For Freud, there are certain functions in society that can then tail on religion:
1. For one, it helps to enforce morality.
-Which, in Freudian terms, means it provides us with strength to our instincts, since it imposes restraints on instinctual gratifications
2. Religion helps elites hold society together and keep the masses in check.
-Helps in the process of social control
Politicians need to represent religion to invoke the support of people at large.

Religion gives people a sense of being able to, in some way, influence the natural world. Freud would suggest, instead, to bring everything to consciousness and deal with it.

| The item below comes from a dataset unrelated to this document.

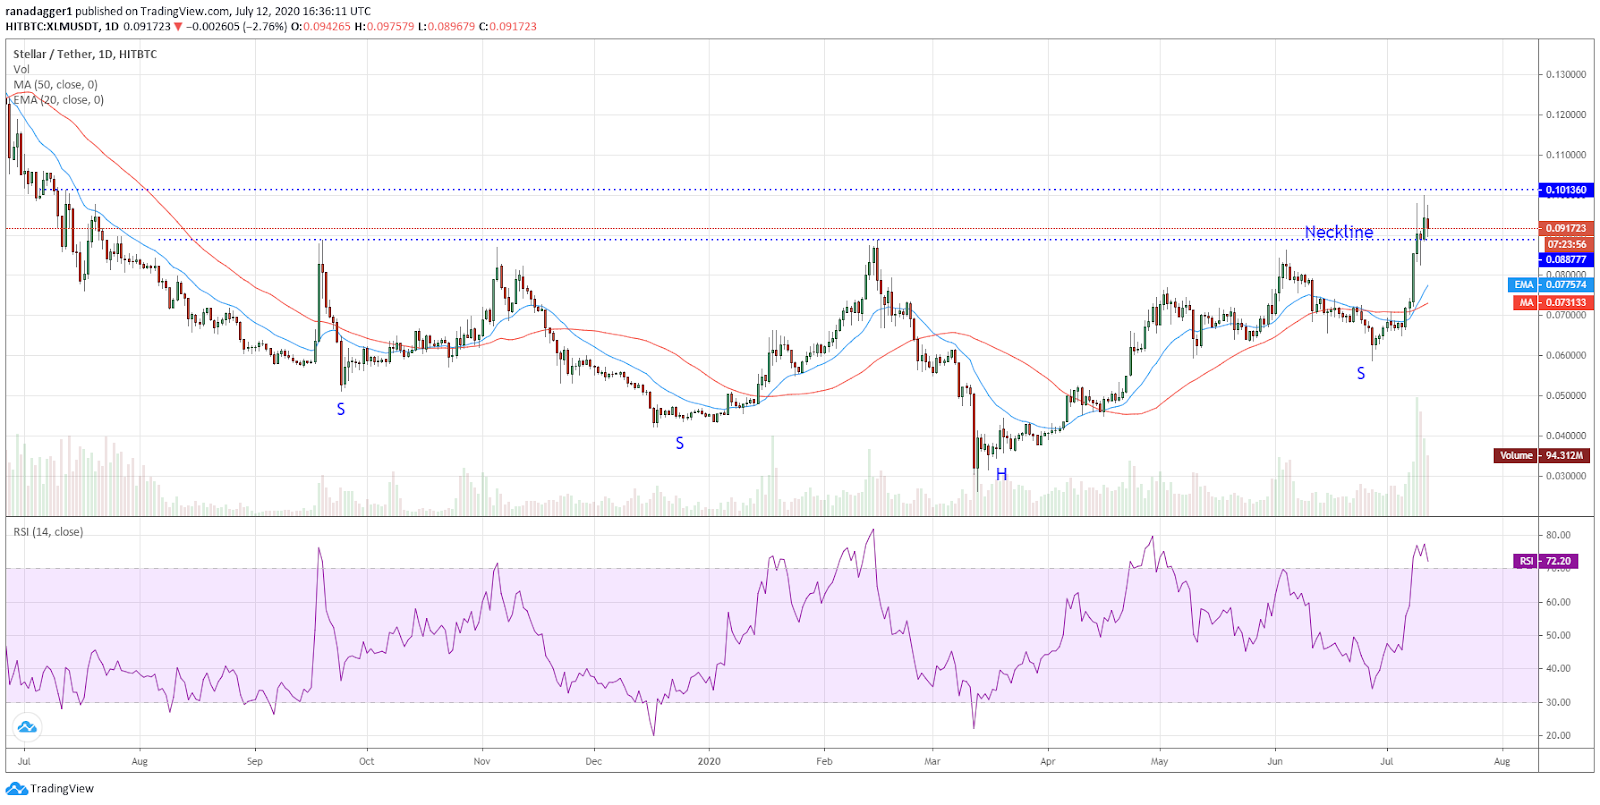 XLM/USD daily chart. Source: TradingView​​​​​​​
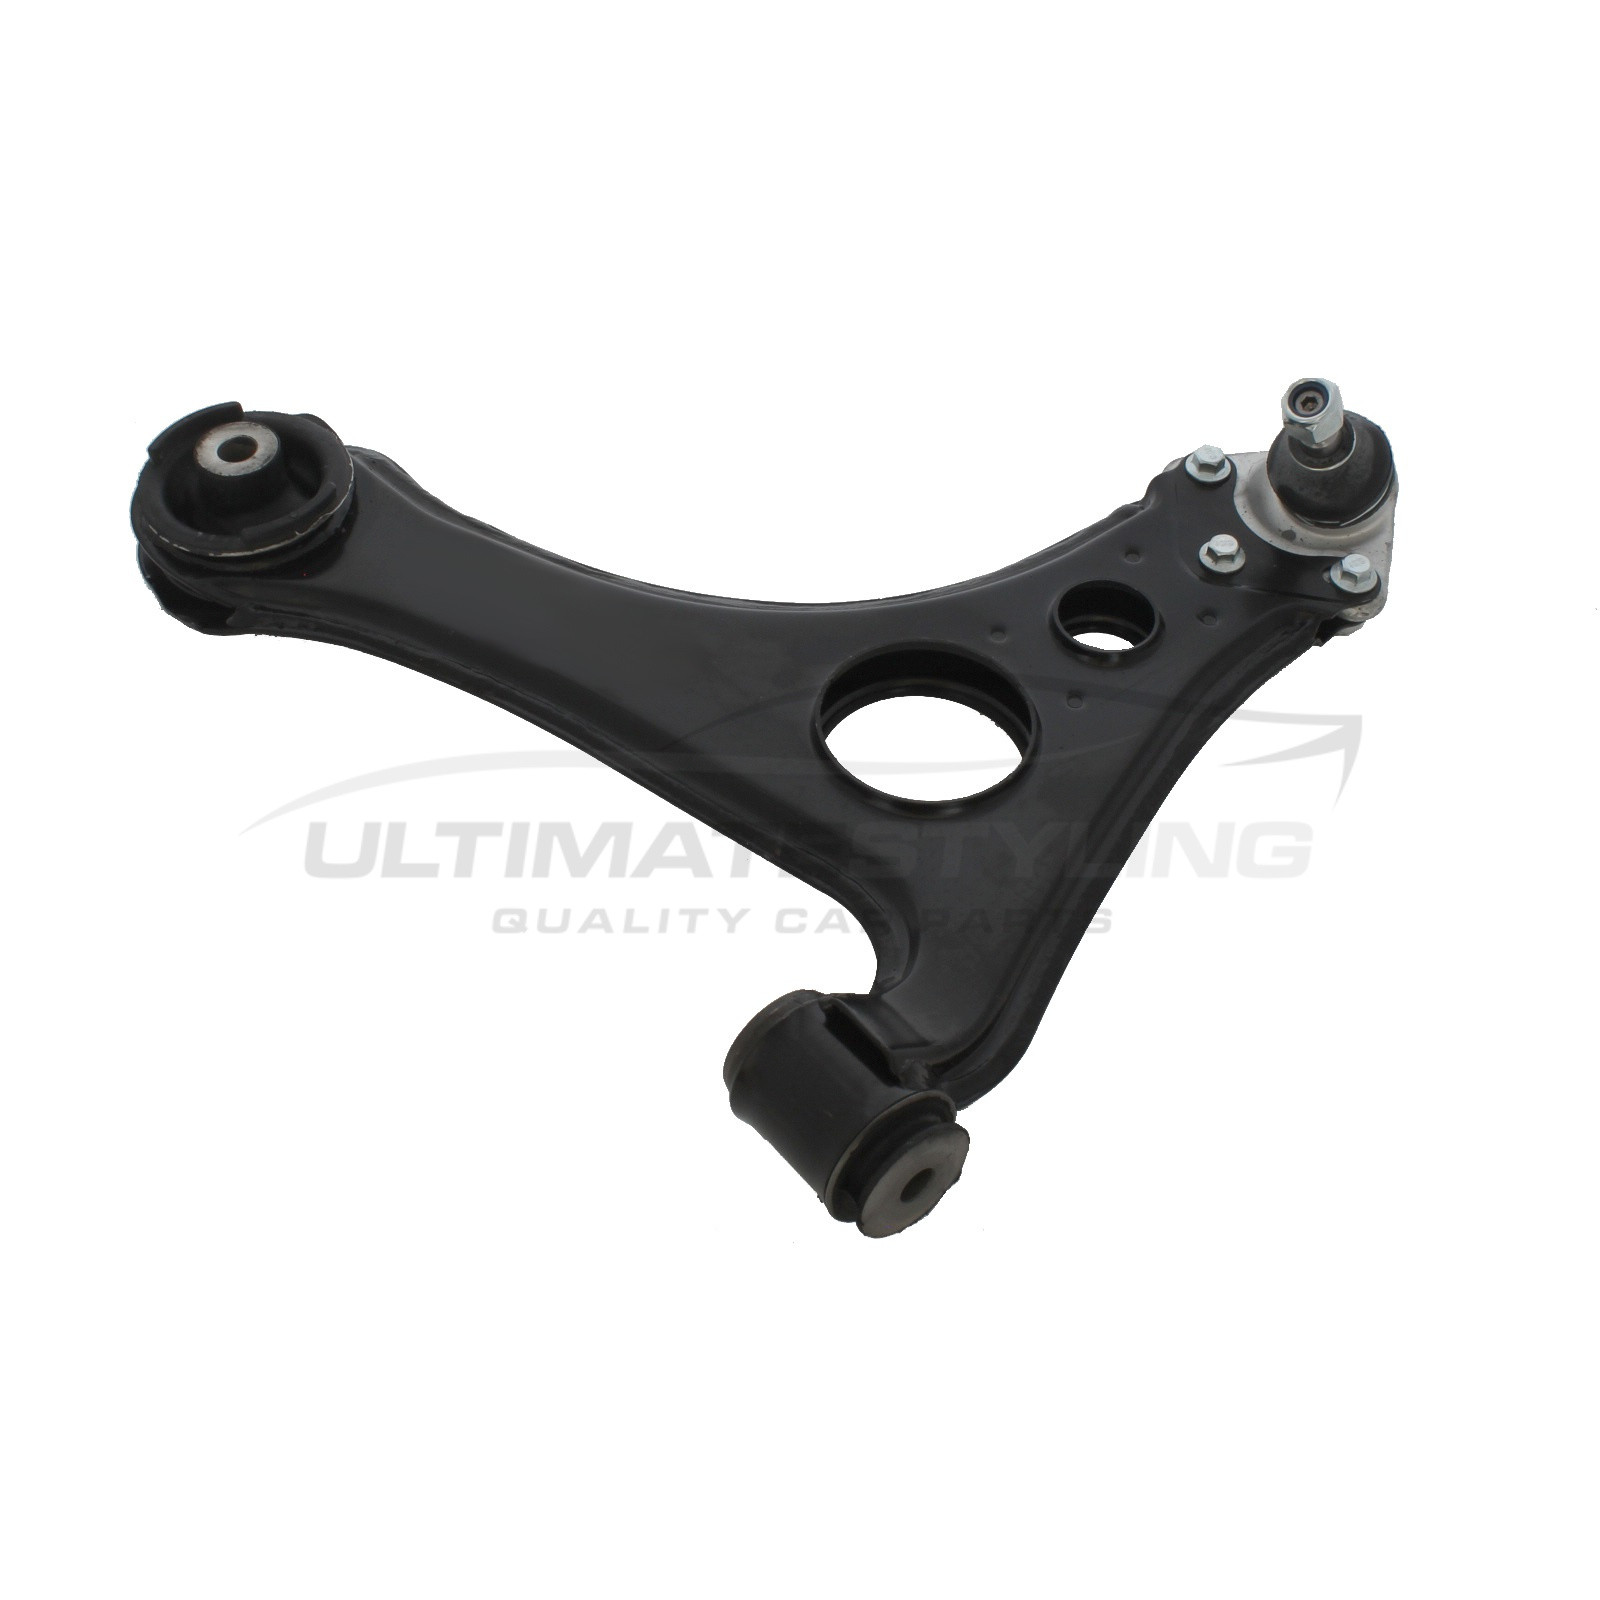 Mercedes Benz A Class 1998-2005 Front Lower Suspension Arm (Steel) Including Ball Joint and Rear Bush Driver Side (RH)

[Freud was born the year after Kierkegaard died].

Karena Ajamian said

at 10:51 pm on Mar 29, 2010

There is no origin -- an original -- from which the rest of these attunements deviate. There will always already be a deviation. Kierkegaard's multiple stories perform that argument. While Kierkegaard claims that this man on page 44 might have been able to achieve a better understanding of the story in Hebrew, Kierkegaard, in a way, collapses that argument with a simultaneous employment of the attunements. Translation is just another variation. Remember, this is an event, which is not inherently inscribed in language.

Michael Pruess said

at 7:39 am on Mar 31, 2010

Karena, tThanks for the thoughts -- to clarify, my comment regarding metaphysics was intended along the lines of "you only get the word from a book, and who's to say that book is real/true/etc."... I guess if one has no doubt at all in the first place, it's not a problem, but the attitude seems to be one of "well, I believe it, so _THERE_."

Anyway, I look forward to this Freud guy.